# Your Fire Safety System Could Be Falling Short



## jar546 (Aug 13, 2018)

Facilities managers may overlook the testing and maintenance requirements for commercial fire protection systems, but it’s crucial to stay on top of them. If there’s a fire, buildings that have put off regular inspections may be on the hook for legal action and considerable fines.

More...

Continue reading...


----------



## cda (Aug 13, 2018)

Good article


----------



## Pcinspector1 (Aug 13, 2018)

Agree, Good article, Jar!

Emailed my large apartment complex, checking to see if they have done their annual sprinkler inspections.


----------



## Rick18071 (Aug 22, 2018)

Too bad PA has not adopted the whole IFC to require regular inspections. Most places once they get a C. O. we never go back.


----------



## mtlogcabin (Aug 22, 2018)

Rick18071 said:


> Too bad PA has not adopted the whole IFC to require regular inspections. Most places once they get a C. O. we never go back.

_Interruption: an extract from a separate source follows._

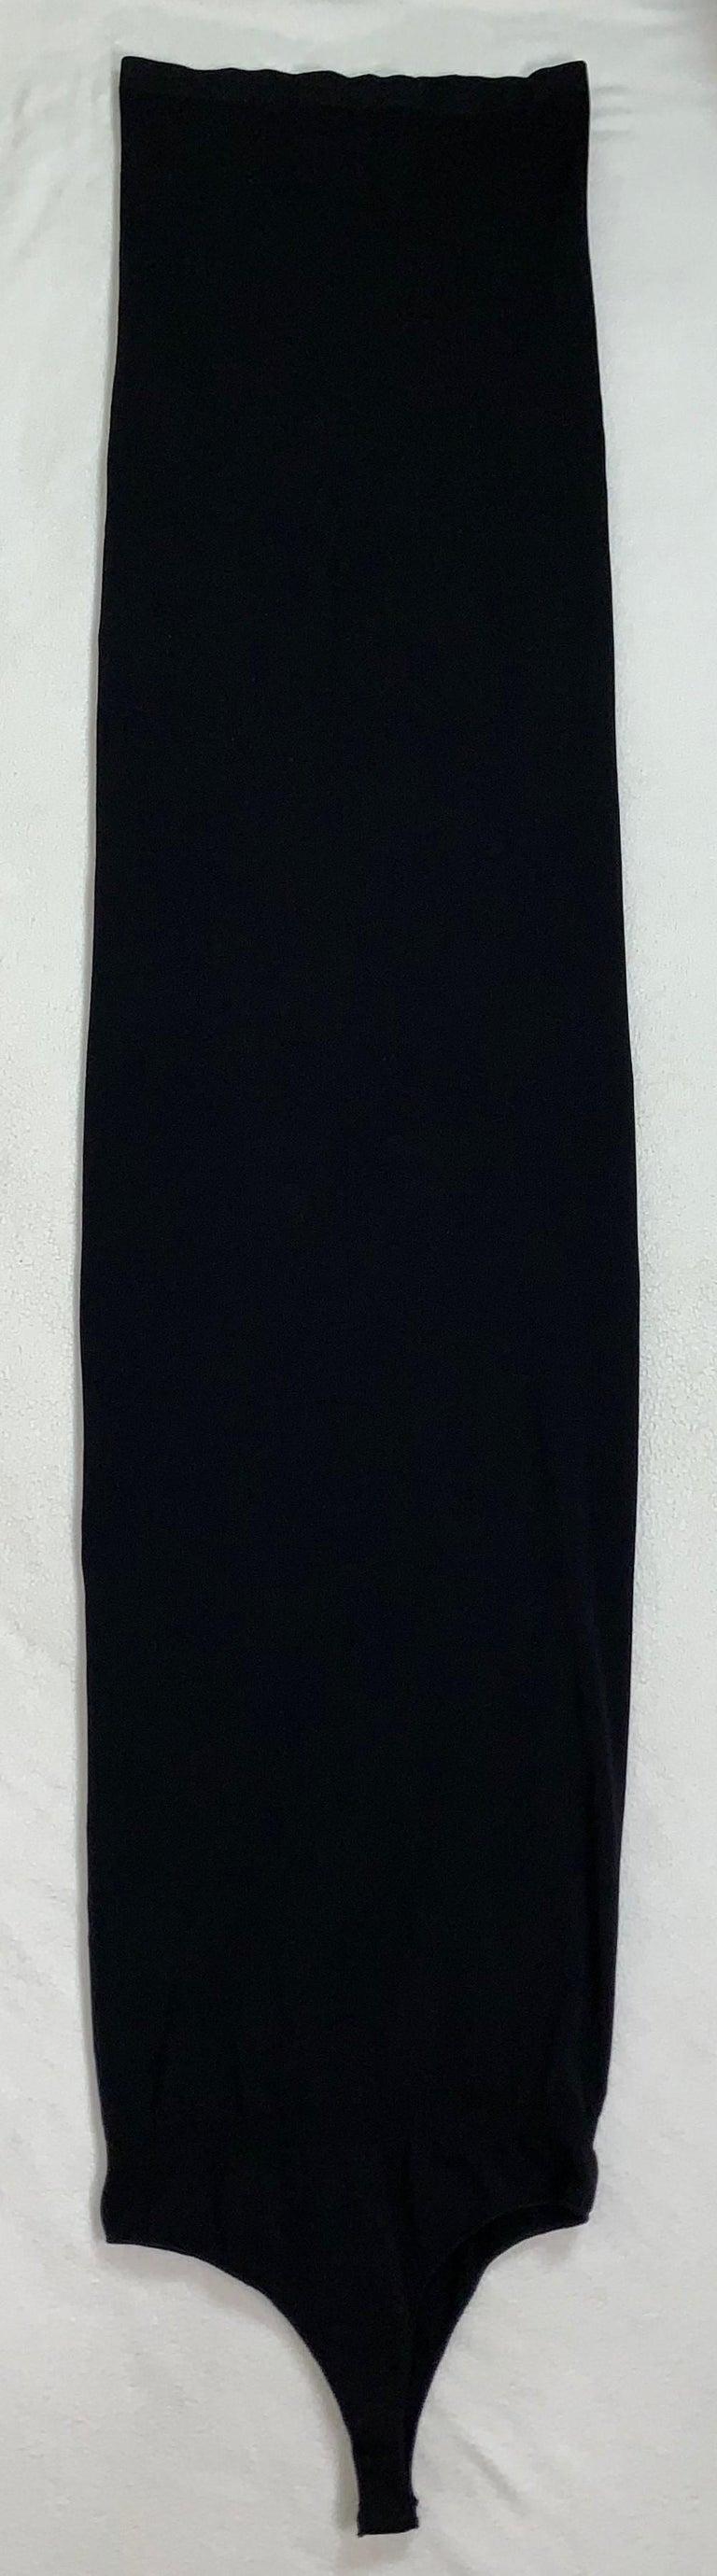 S/S 2011 Yves Saint Laurent Black Nylon Bodystocking Wiggle Dress Skirt M In Good Condition For Sale In Yukon, OK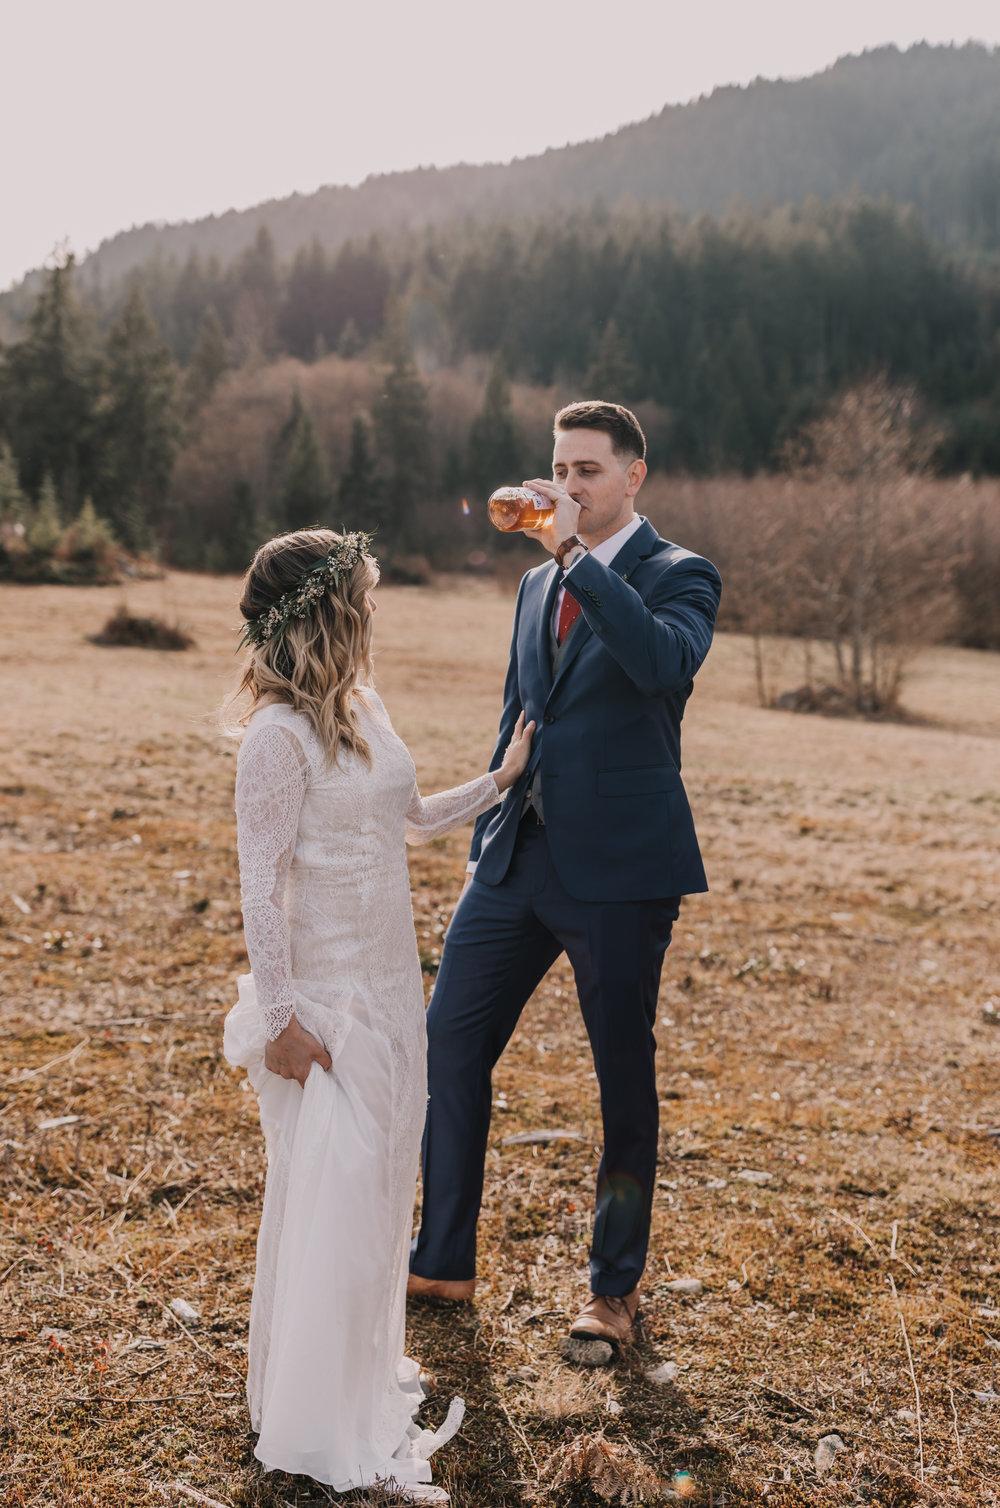 Sunshine Coast Wedding Photos - Mountain Wedding Photos - Sunshine Coast Wedding Photographer - Vancouver Wedding Photographer - Jennifer Picard263-1.JPG

The IBC requires it by reference to the IFC so you did not have to adopt the entire IFC to require testing. If PA did not delete this section from the IBC then it is still a requirement under the building code


----------



## mtlogcabin (Aug 22, 2018)

2012 IBC
[F] 903.5 Testing and maintenance.
Sprinkler systems shall be tested and maintained in accordance with the International Fire Code.


----------



## Rick18071 (Aug 23, 2018)

*PA only adopted the sections in the IFC that is referenced in the IBC! You can check with L&I yourself.*


----------